Abbie blew on her tea and set the cup down. “Do you know why Peachy and I really took that trip in the first place?”

“I thought you set off in search of America.”

“That’s part of it,” she said. “But not everything. When we first started, I was feeling so sad, I could hardly get up in the morning.”

“Sad about what happened in D.C.?”

“About that and about what was happening to people in New Orleans. About the war. About kids like the ones who broke in on me. Everything seemed to be falling apart at the same time and everything I thought I could do about it seemed too little, too late. Once I went to Tybee, I got so I didn’t want to leave the island at all. I was too afraid of what I’d find out there, roaming around waiting for me. I told Peachy I was afraid I’d lost something important and he said maybe we ought to take a trip and see if we could find it.”

Of course she wanted to marry him.

“So we just hit the road, like I told you. No destination. No agenda. No timetables. We were just riding through America. One night, it was about seven o’clock and we’d been traveling all day. I was tired so Peachy pulled off at this tiny motel right outside of Amarillo. We took our suitcases in and found a little Mexican restaurant a block away full of big families and first dates and friendly waiters who spoke English to us and Spanish to each other. We ordered two margaritas and laughed and talked our way through some of the best fajitas I ever had in my life. Nobody was arguing or fussing about politics or minding anybody else’s business. It was just people, out in the middle of Texas, being people.
Together.

“It was sunset when we left the place, and as we walked back to the motel, the sky was turning the most amazing shade of purple. I still had the sound of those happy people in my head, so I took Peachy’s hand and we just stood there at the edge of the parking lot and watched the sun go down. That’s when I felt the connection. Not just to Peachy, but to something bigger than just him and me. Something about the idea of what a country like this could be if people could figure out a way to just be people.”

She took a deep breath.

“Go on,” I said, wondering if that was what it felt like to be a real American. “I’m with you.”

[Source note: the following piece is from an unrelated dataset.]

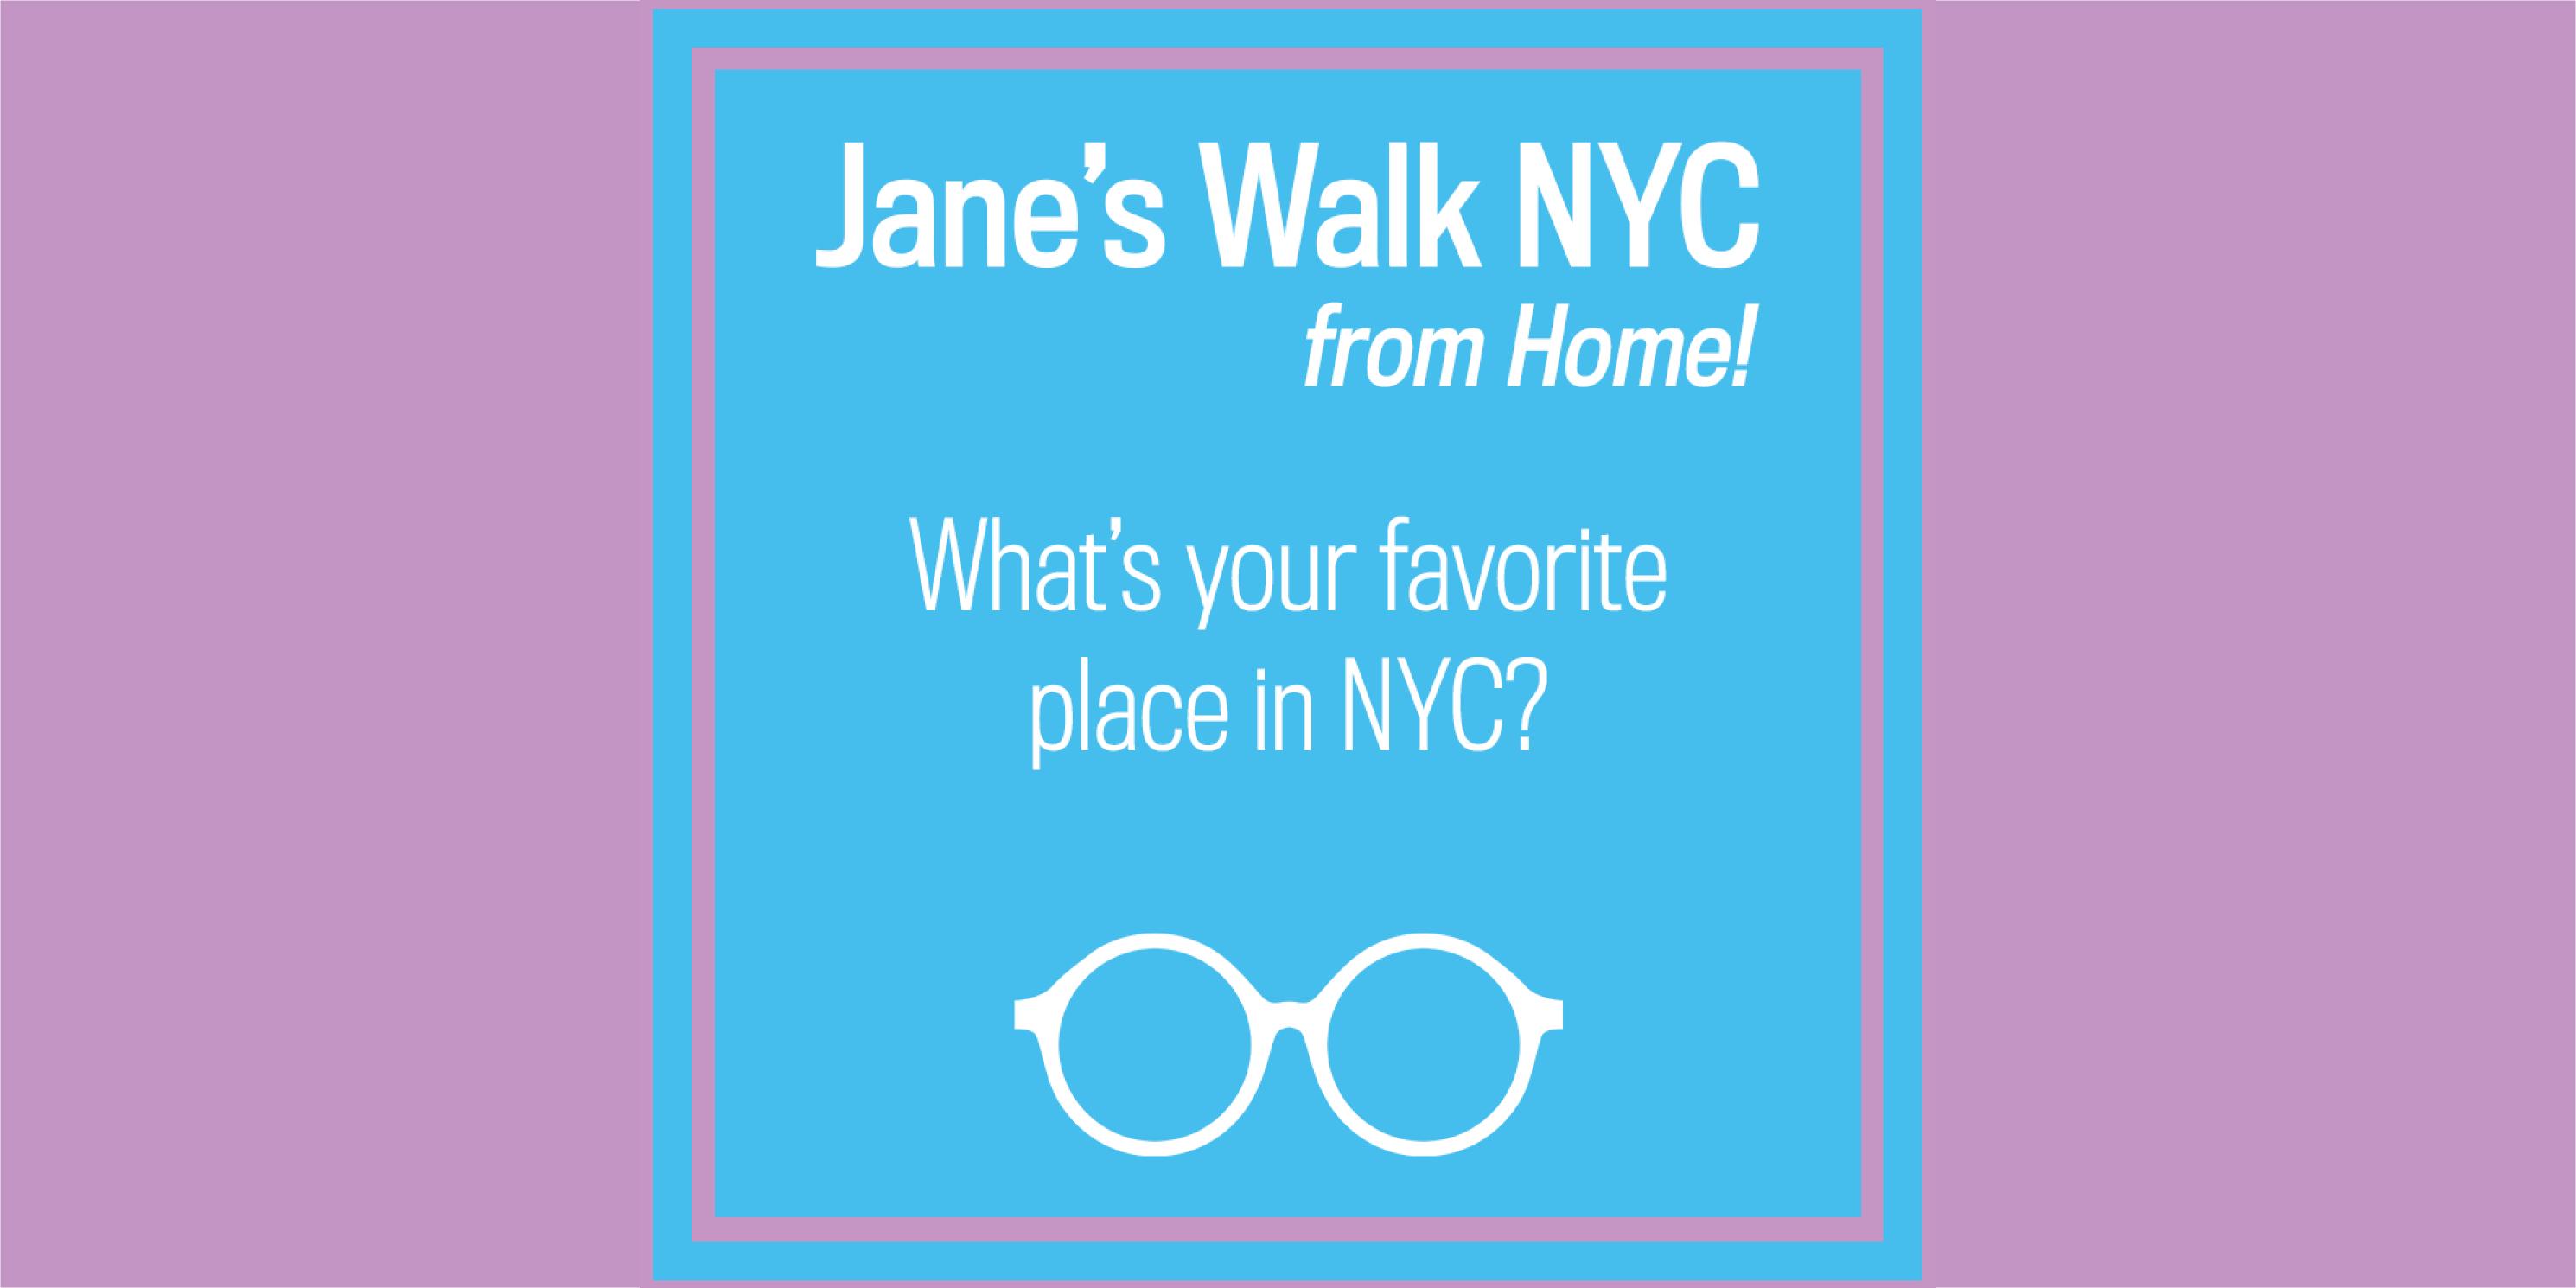 Advertisement for Jane's Walk 2020, Day 1 activities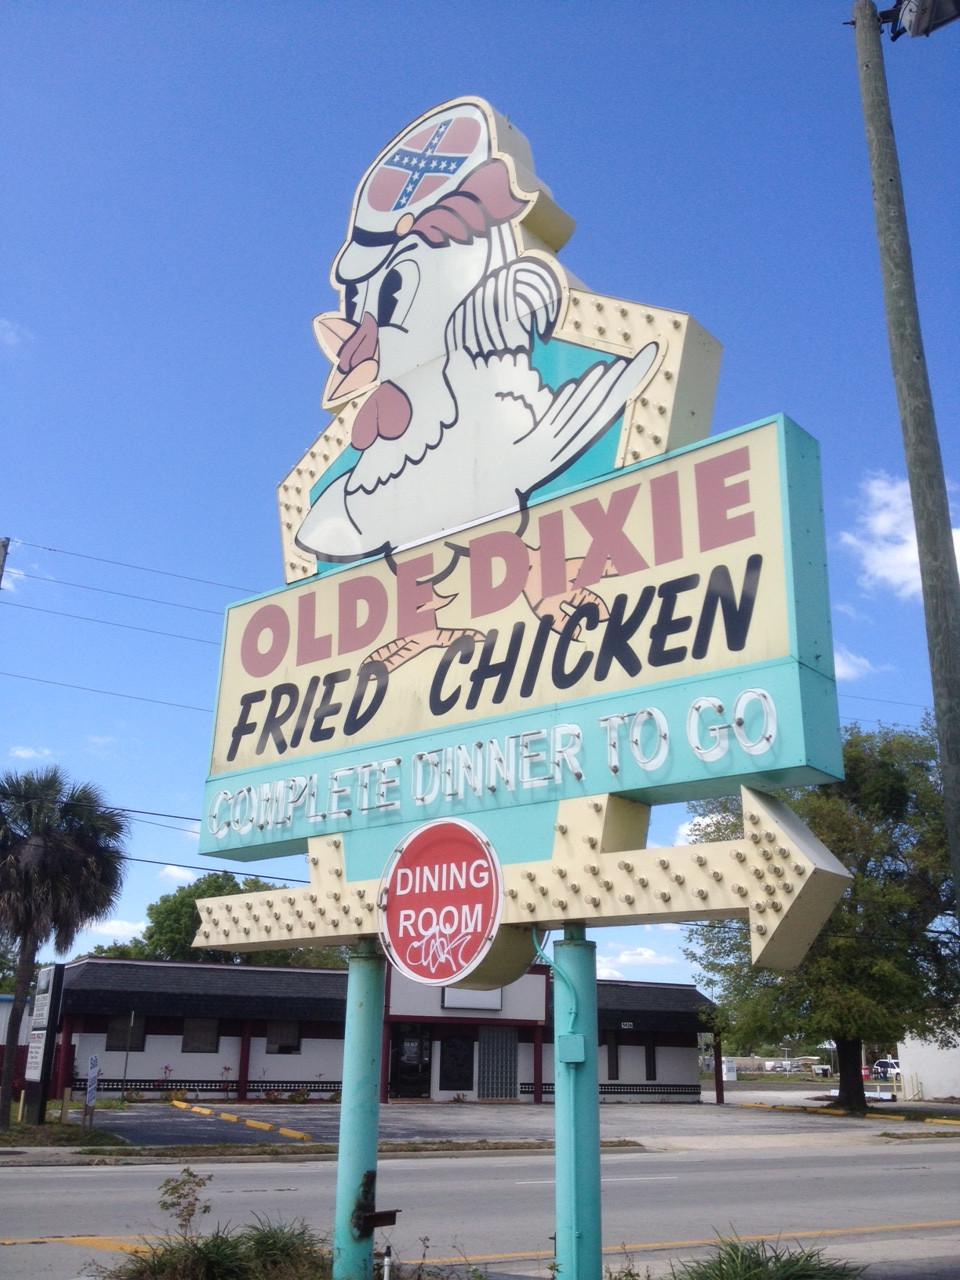 Olde Dixie Fried Chicken  Olde Dixie Fried Chicken

“I think that connection was what I was looking for,” she said. “And the weird thing is, that great big feeling brought me back to something much, much smaller. It brought me to Tybee and West End and now to your garden because I realized that you can only be a good citizen one step at a time. That’s all I have to do. Tending my little corner of America is all there is to it. If I want to stop the war, the first thing I have to do is make sure nobody’s fighting at my house. And you have to make sure nobody’s fighting at your house and on and on and on…”

She sounded like Zora, optimistic and determined. A hard combination to beat, even if you want to, which I didn’t. I couldn’t argue with the idea of cleaning up your own backyard, but there was one problem. In the movies, once the idealist states his case, John Wayne rides in with a great big gun to make it stick. Could it work without that?

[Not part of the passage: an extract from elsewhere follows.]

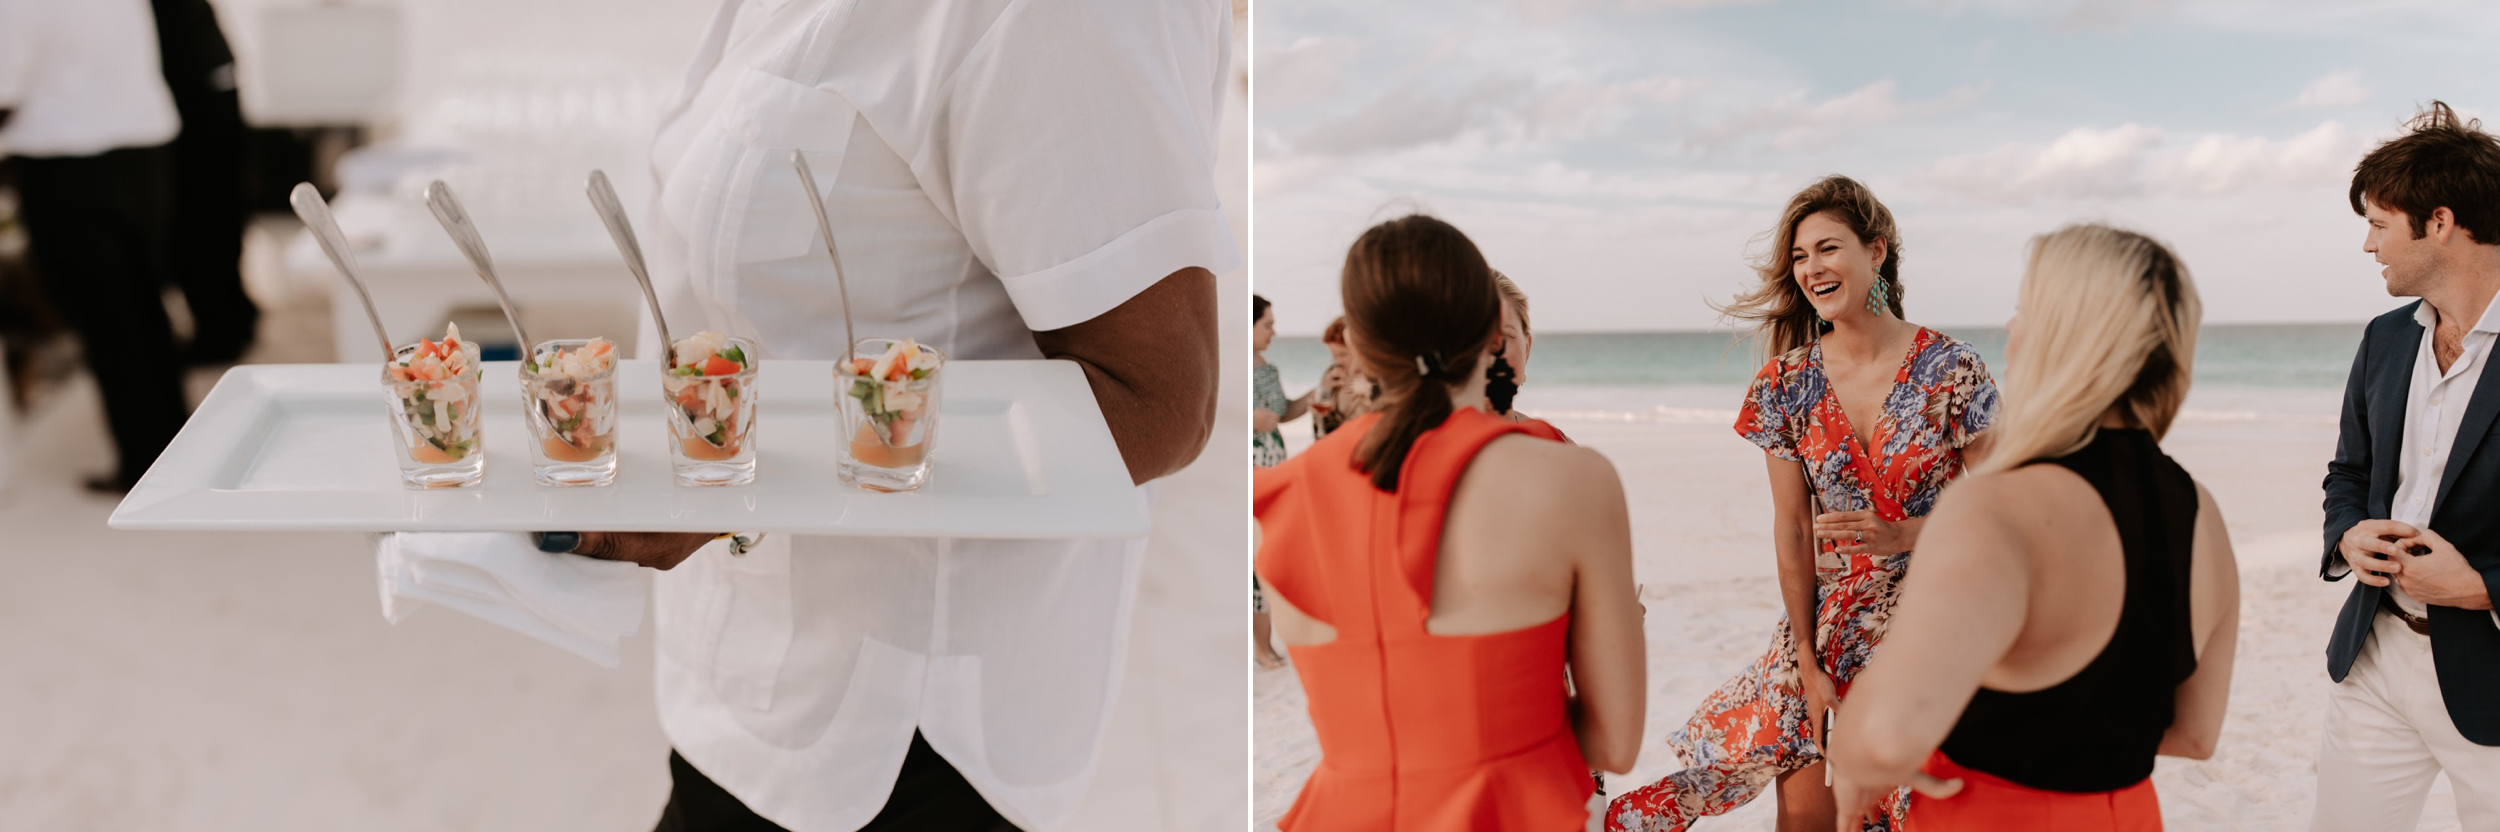 Harbour-Island-Ocean-View-Club-Wedding-Photographer_68.jpg

“The other thing about the bad guys,” Abbie said, “is that they’re always outnumbered by the good guys. No western worth its salt omits the scene where the people, energized by the one who stepped forward to protect them in the first place, rise up and stand together to save their town.”

“You think that’s going to happen this time?”

“It happens every time,” she said.

“Well, what am I supposed to do until they get themselves together?”

“Oh, I don’t know,” she said, grinning at me across the table. “Put on a strapless dress. Sing something.”